Mais le pouvoir est celui qui semble le plus perdre du terrain dans cette nouvelle conjoncture. Du fait des difficultés économiques qui font rage actuellement. Et touchant de plein fouet le citoyen, pardon l'électeur dont le pouvoir d'achat est parti en fumée.
Ce qui peut amener l'international, prenant acte de cet échec, à diminuer le potentiel de crédit qu'il semblait faire jusqu'ici à l'exécutif.
Présager la fin d'une certaine lune de miel ? Mais n'allons pas trop vite en besogne.
Surtout que l'opposition est trop diverse dans son approche, pour en tirer éventuellement parti. De plus il n'y a pas de 'têtes' qui s'en dégagent. D'ailleurs serait-ce le cas que celles-ci n'iraient pas bien loin car cet émiettement, cette banalisation absolue n'est pas un effet du hasard mais la caractéristique principale d'un système bâti uniquement sur le chacun pour soi, l'individualisme forcené (mais qui ne concerne pas aujourd'hui que la classe politique !) et l'ignorance totale des responsabilités de la res publica.
Pouvoir pour rire ...
D'où le peu d'effet provoqué par le rappel à l'ordre combien martelé que les élections avant la fin de l'année (législatives et communales) sont un must, un sine qua non sinon la Nation tombera dans le chaos. A commencer par l'attribution des pleins pouvoirs au chef de l'Etat. Un qui est plus préoccupé par la tenue de 'son' carnaval des fleurs que par le dialogue si utile en pareil contexte. Le Président multiplie au contraire les sujets conflictuels. Plus récemment avec le secteur du football national.
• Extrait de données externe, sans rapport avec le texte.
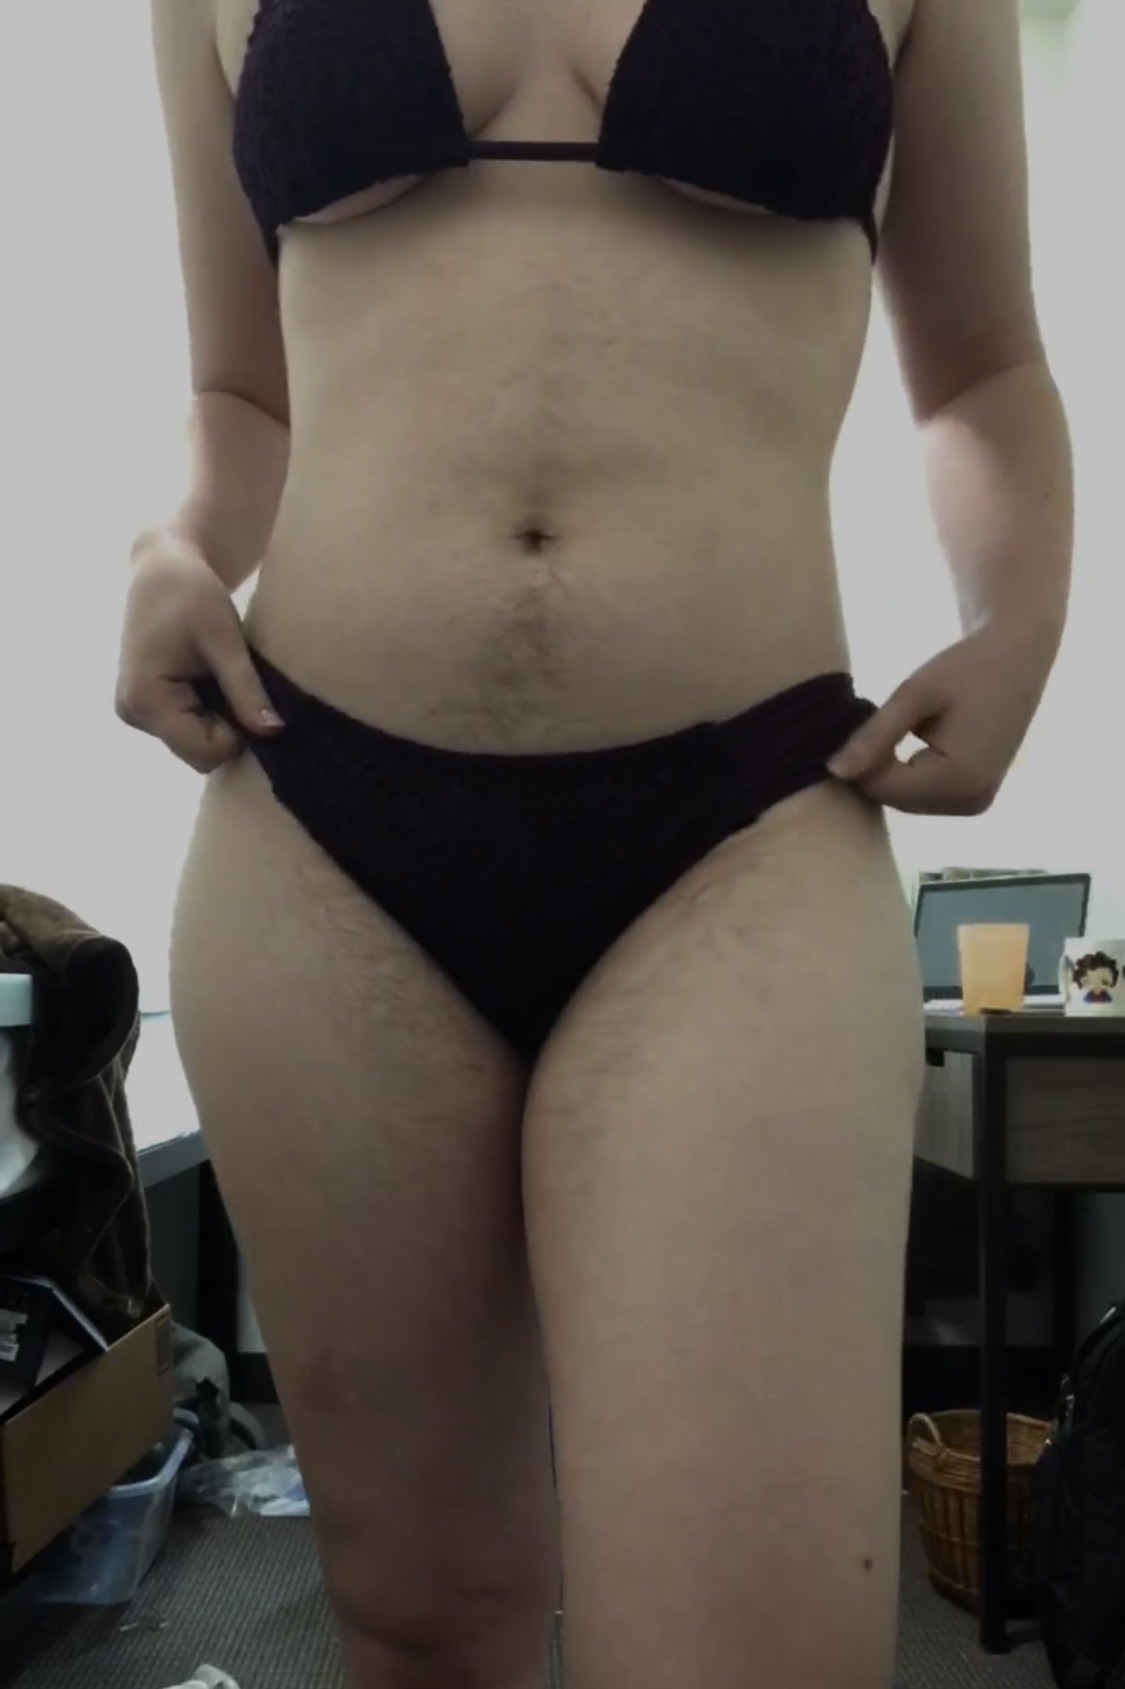 Sex certifiedfeedee:Piggy in a bikini before pictures
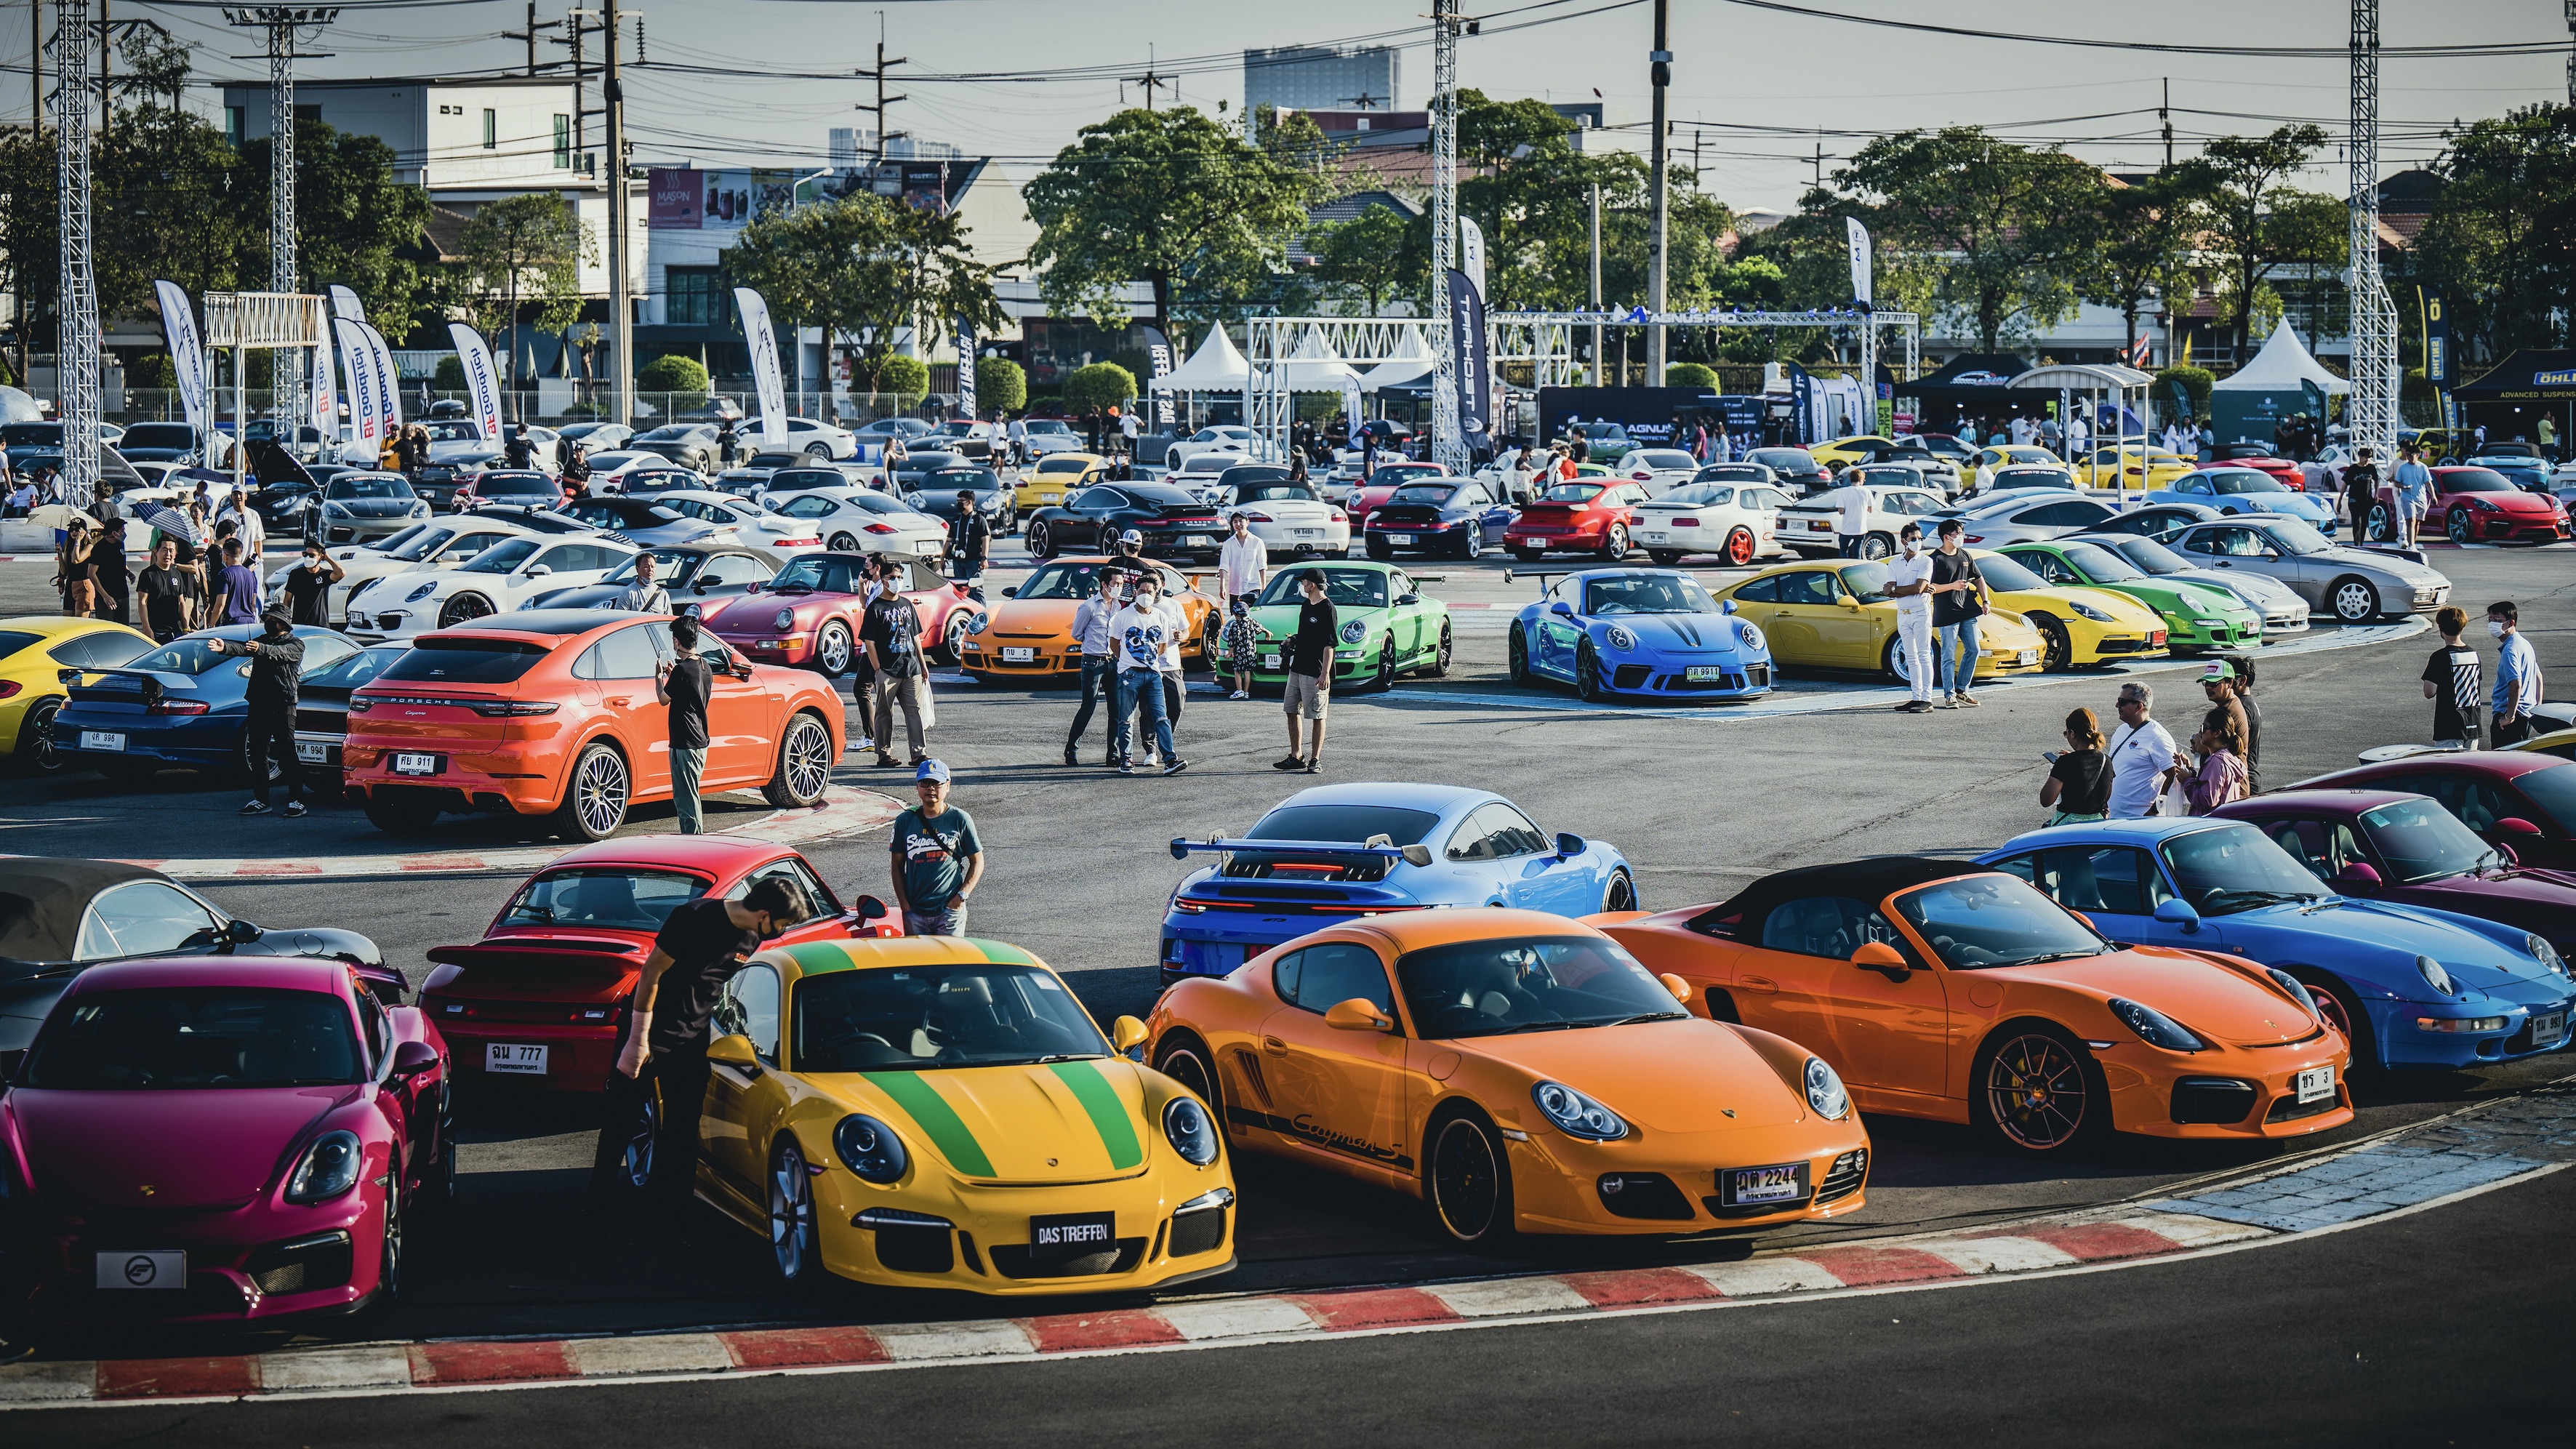 Many colourful Porsche cars at Das Treffen event in Thailand

Malgré tout, cette perspective, quelque menaçante qu'elle puisse paraître, n'est pas vraiment prise au sérieux.
Le pouvoir aujourd'hui en Haïti s'étant tellement déconsidéré.
Pouvoir pour rire ... et aussi pour pleurer !
D'où viendra le nouveau deus ex machina ? ...
Dans une telle situation, où tous les acteurs sont bloqués sur place, y compris l'international, la seule solution est une nouvelle carte. Une troisième voie. Un deux ex machina. Au sens propre.
Pendant longtemps c'était la société civile. Mais celle-ci s'est tellement investie par le passé sans résultat probant, qu'il lui sera difficile de retrouver une totale sainteté.
Evidemment il n'existe plus, comme autrefois, le balancier inévitable, nos fameuses FAD'H (Forces armées d'Haïti) qui ne refuseraient jamais une occasion aussi inespérée pour un coup d'Etat. Mais pour se complaire plutôt dans les massacres et violations des droits humains.
Enfin l'OEA, intervenue si souvent et de façon si peu cavalière dans nos affaires (la dernière fois en 2011, pour consacrer l'élection de Michel Martelly), qu'elle semble se faire un peu plus prudente aujourd'hui.
Bref, d'où viendra le nouveau deus ex machina ? Comme dans la légende, nul ne peut encore le dire.